Dead of Night (Dead of Night 1) - Page 21

“Why? Did you finally watch all of the porn on the Net?”

“Don’t I wish, but no. I was editing film all night. The frigging mayor’s speech and the soccer game. If it wasn’t for soccer moms I’d kill myself. Anyway, I’m beat, I’m out of here, man. ”

“This is important—”

“What? The storm? If you think I’m going to stand out in a frigging hurricane while Gino reads the weather, then you need better drugs. ”

“Screw the storm. I have a lead on something that might actually be something. ”

“Something by whose scale? Town or county?”

Trout grinned. “Figure somewhere between Pulitzer and Oscar. ”

Goat blinked. “You shitting me?”

“I shit thee not. ” Trout dropped the story on Goat.

“Oh hell yes,” said Goat. “That’s huge. ”

“I know, right?”

“This is going to give the whole Gibbon story some new legs.

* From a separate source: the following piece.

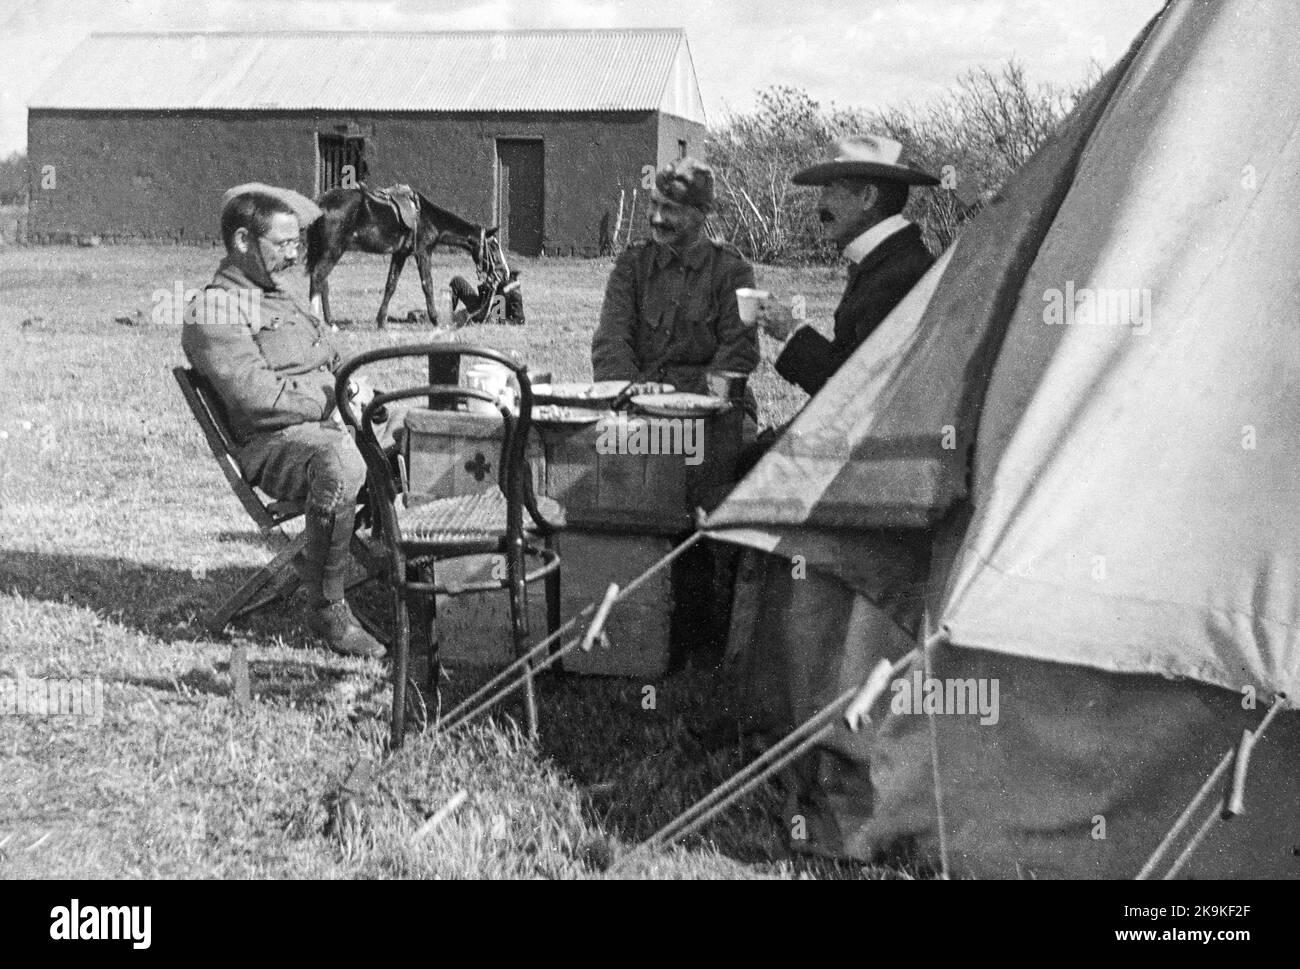 Boer War Fotografía que muestra soldados y otro hombre relajándose fuera de una tienda, durante la guerra. Foto de stock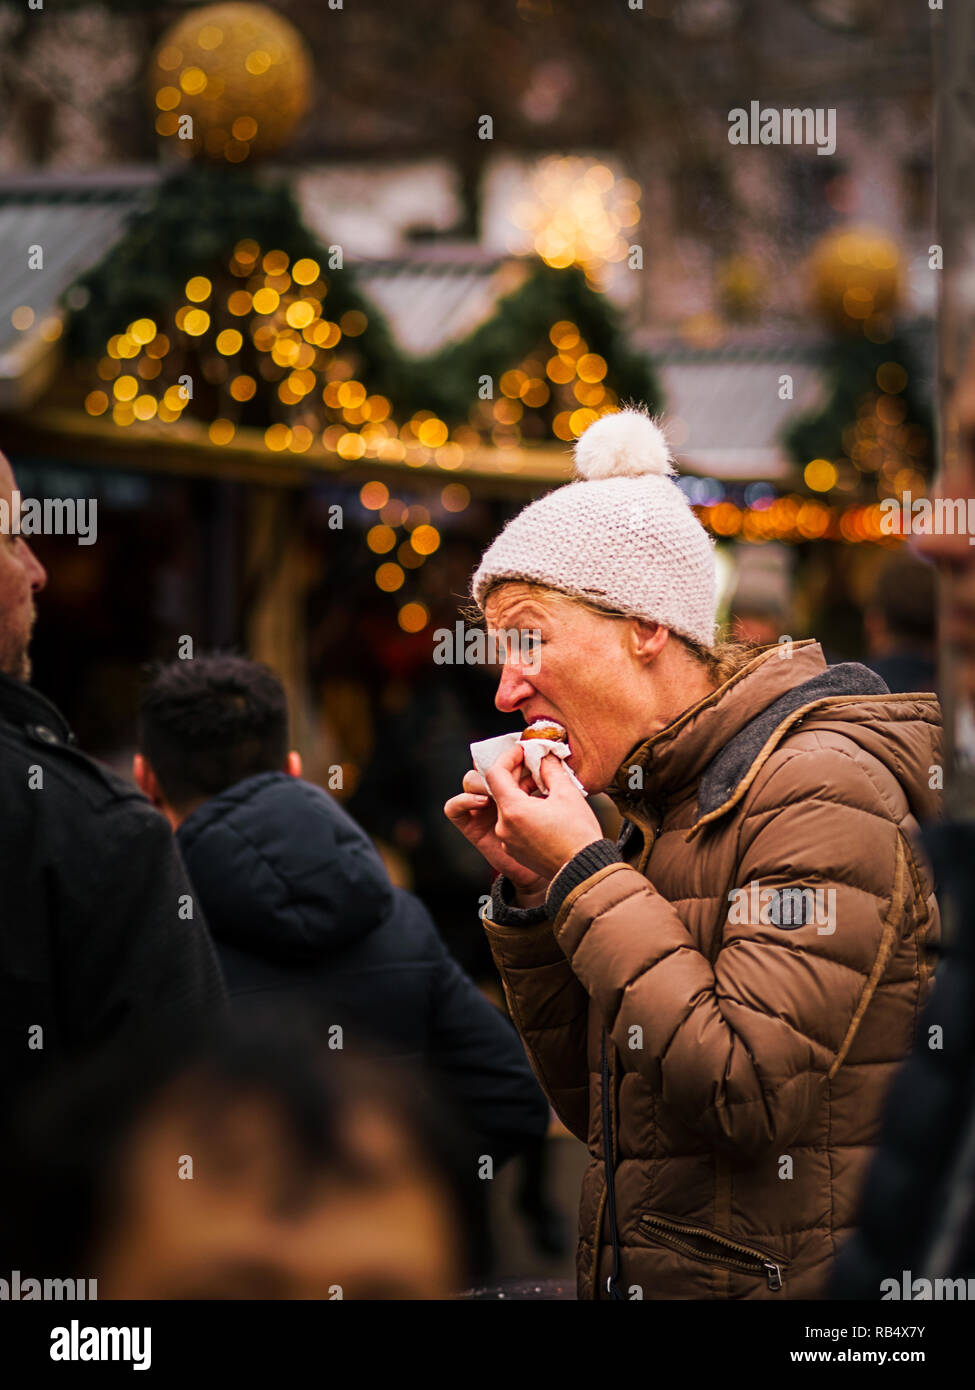 El 25 de diciembre de 2018- Amberes Bélgica: Cierre con teleobjetivo de mujer vistiendo ropa de invierno marrón con sombrero de lana de color blanco en una feria de Navidad comer Foto de stock

Let me tweet something. ”

Trout nodded. Like anyone who still planned to have a future as a paid reporter, he understood the value of social networking. Twitter and Facebook moved mountains in terms of PR and buzz. Goat managed the online accounts for their division of Regional Satellite News, and he’d goosed the buzz to the point where RSN had over eighty thousand followers. Ten times the number of people who lived in the county.

“How’s this?” Goat typed in a short message: “Coming soon—RSN exclusive—Untold secrets of Homer Gibbon!”

“Perfect,” said Trout. “Short, though. I thought Twitter let you write a hundred and forty words. ”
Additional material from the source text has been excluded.